▶ _EXERCISE OBJECTIVE_
Write out the listing below character for character, though without its pictures.

▶ _PROVIDED DATA_
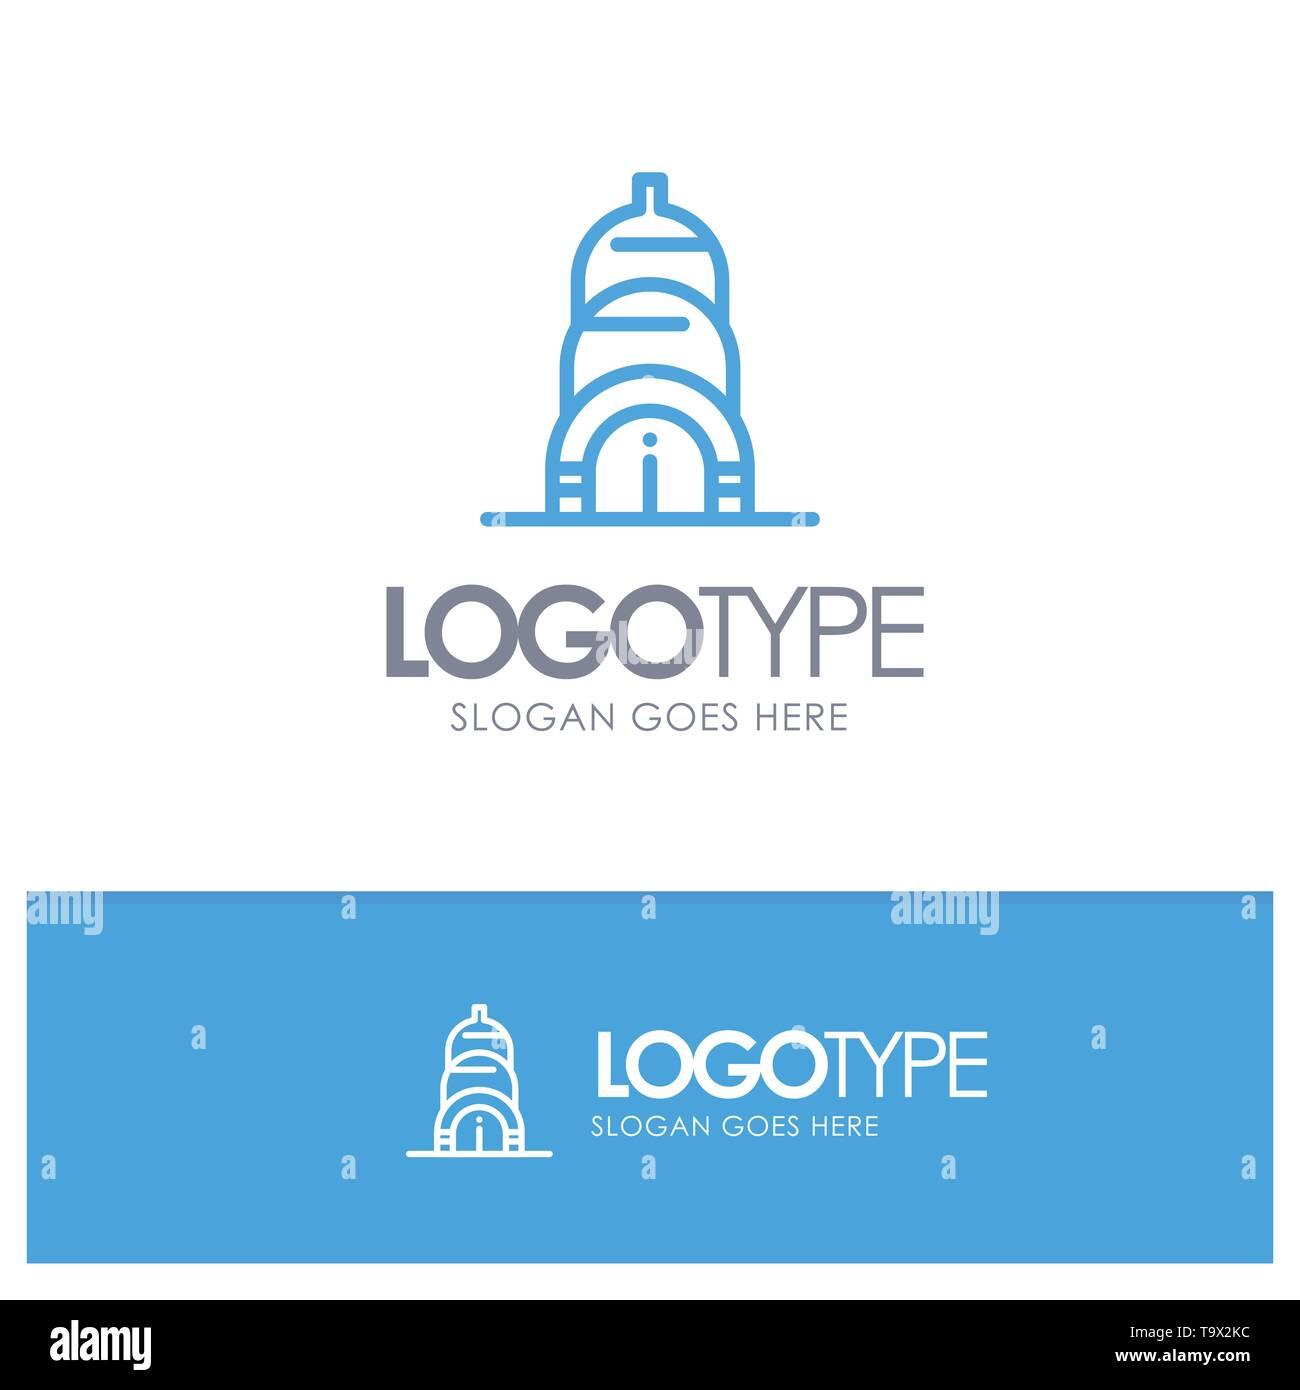 Chrysler, Building, Usa Blue Outline Logo Place for Tagline - Stock Vector
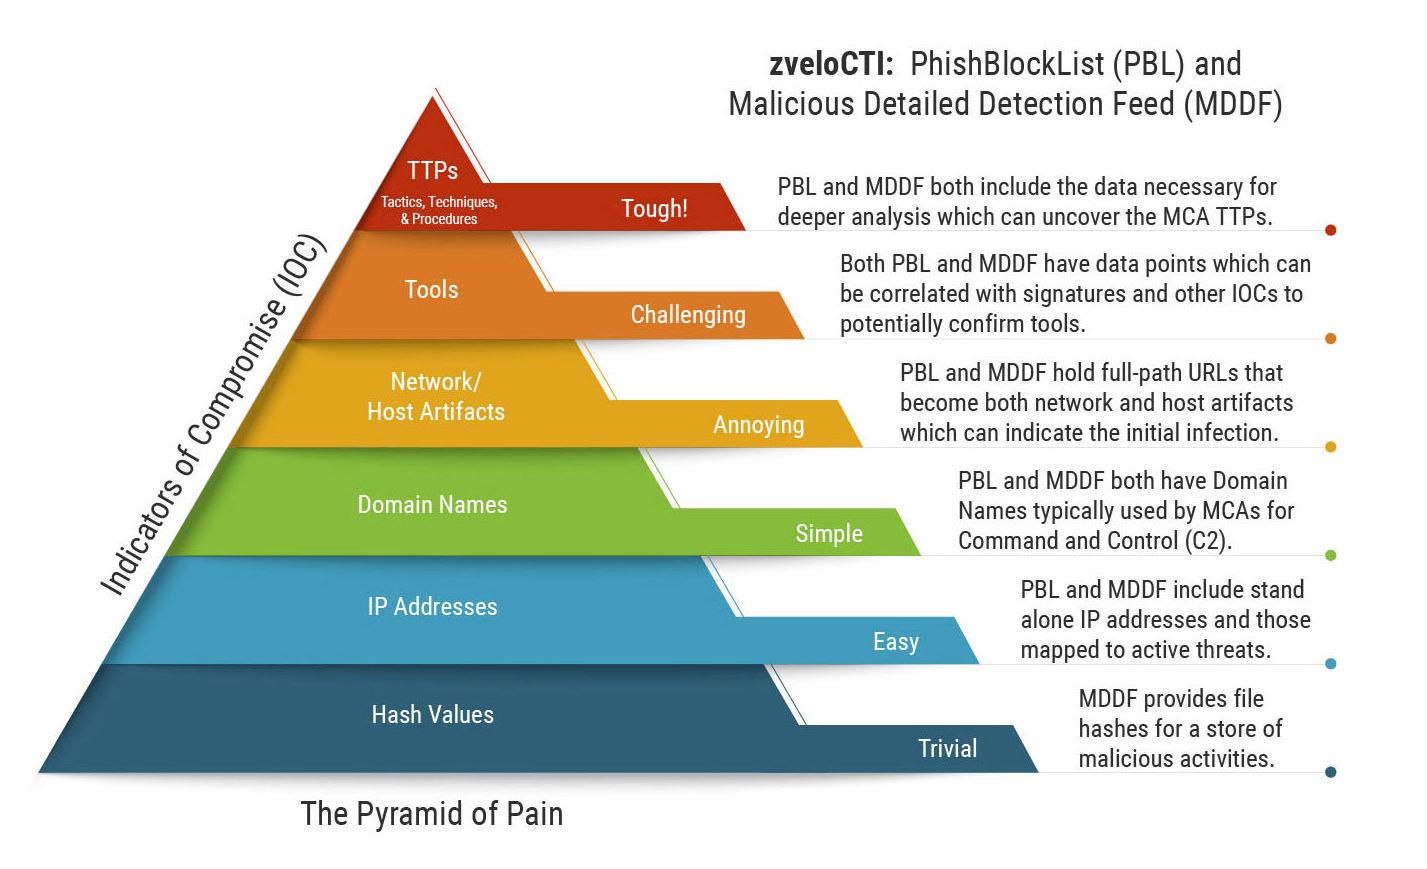 IOC-Pyramid-of-Pain-zvelo-phishing-detection-malicious-detection-threat-intelligence-feeds
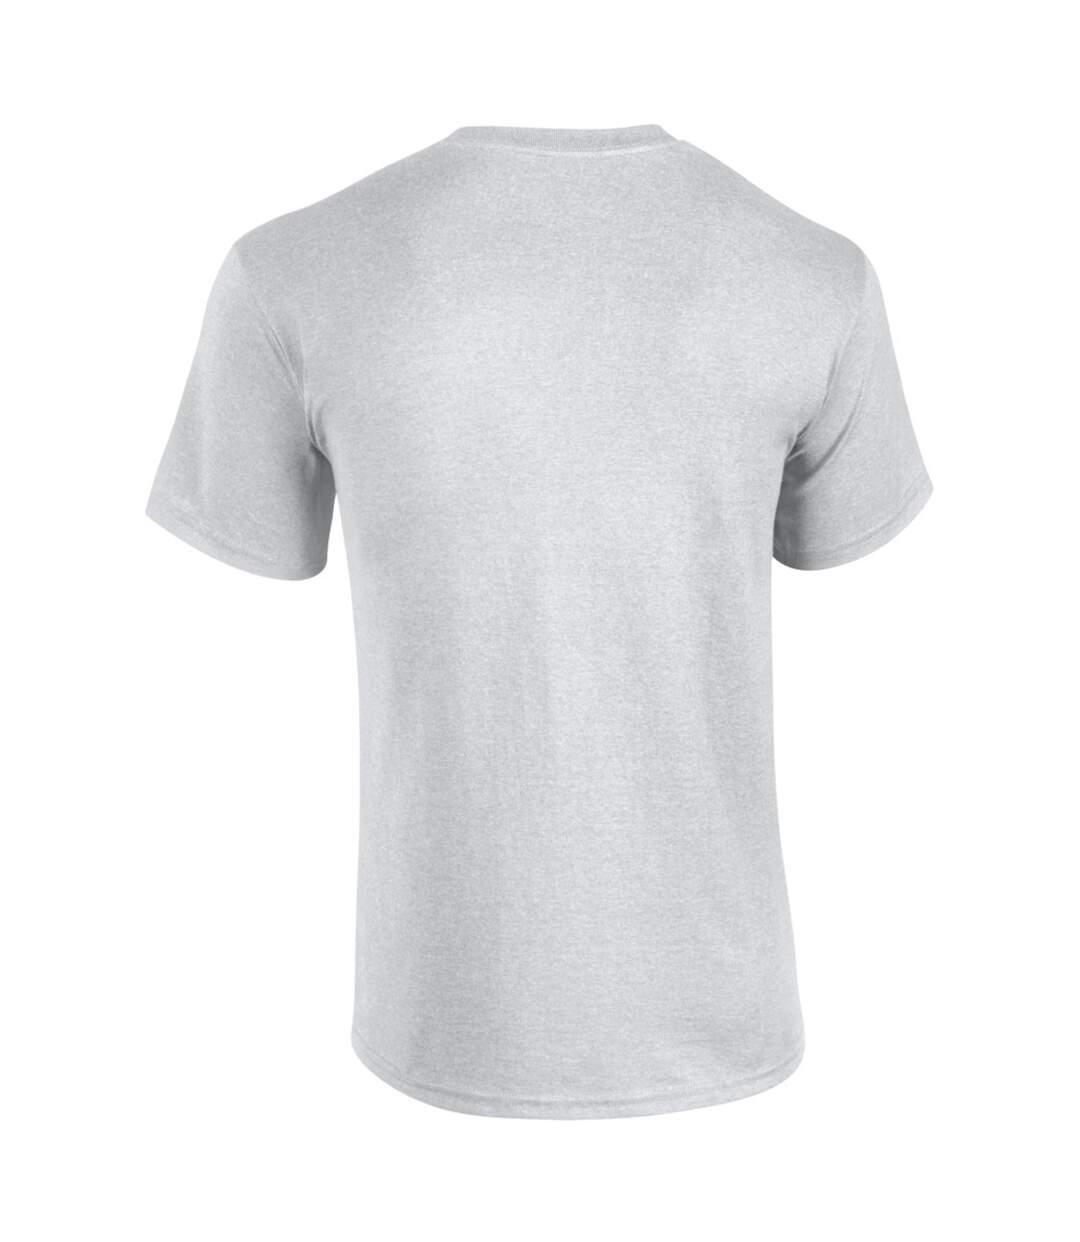 Gildan Mens Heavy Cotton Short Sleeve T-Shirt (Antique Jade Dome) - UTBC481
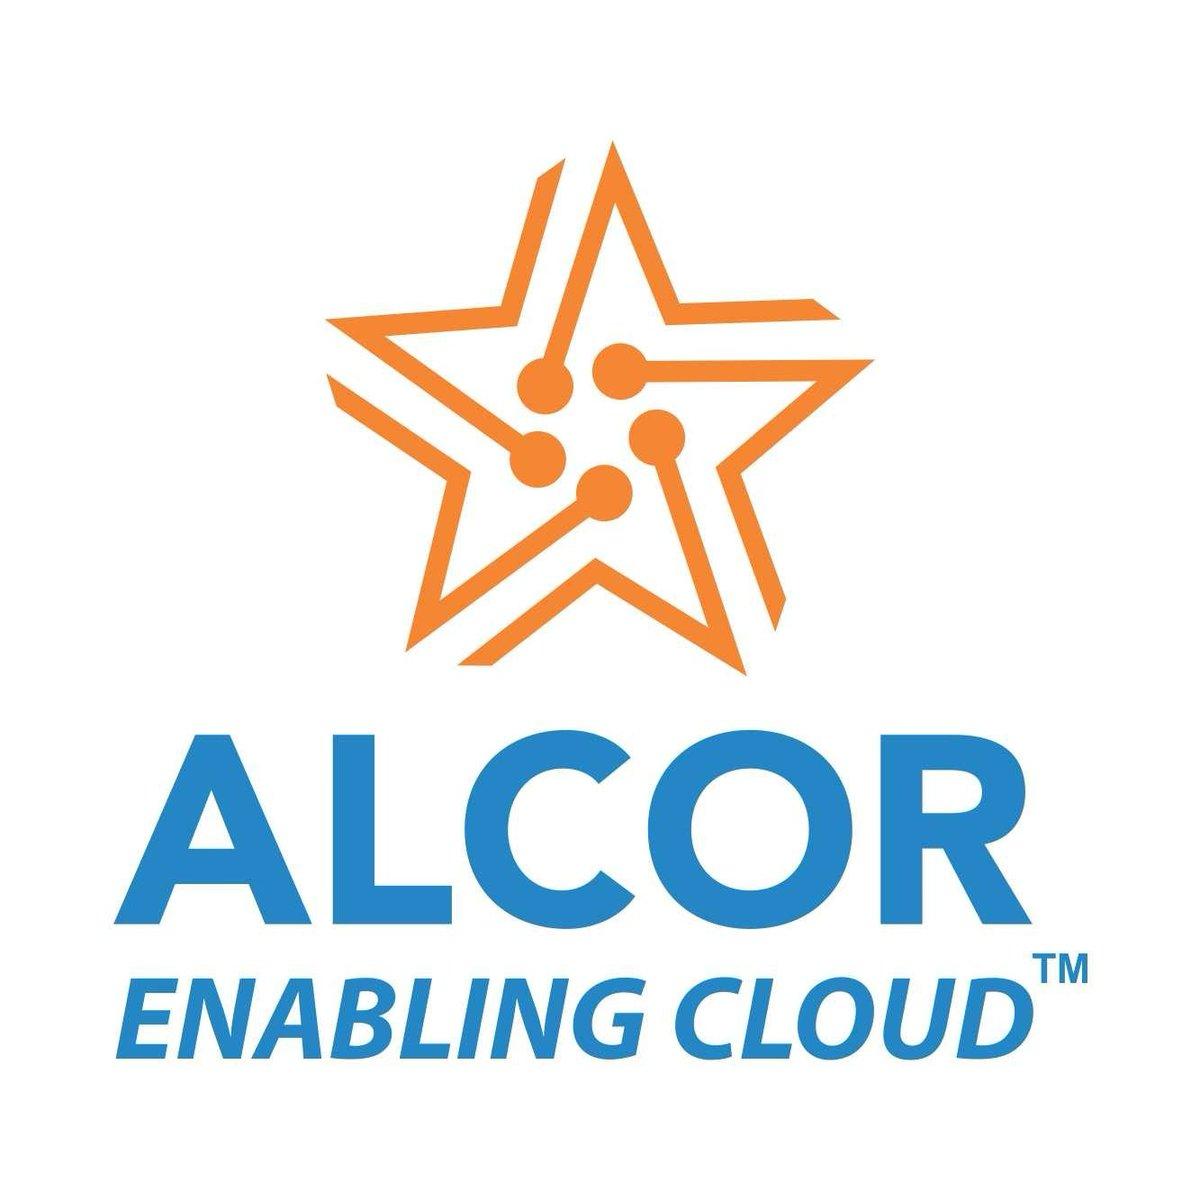 Alcor Announces a Strategic Partnership with PeopleReign - the leading AI platform for enterprise service management automation. prn.to/3ejsu25

▶ _COMPLETED EXERCISE_
 Chrysler, Building, Usa Blue Outline Logo Place for Tagline - Stock Vector
 IOC-Pyramid-of-Pain-zvelo-phishing-detection-malicious-detection-threat-intelligence-feeds
 Gildan Mens Heavy Cotton Short Sleeve T-Shirt (Antique Jade Dome) - UTBC481
 Alcor Announces a Strategic Partnership with PeopleReign - the leading AI platform for enterprise service management automation. prn.to/3ejsu25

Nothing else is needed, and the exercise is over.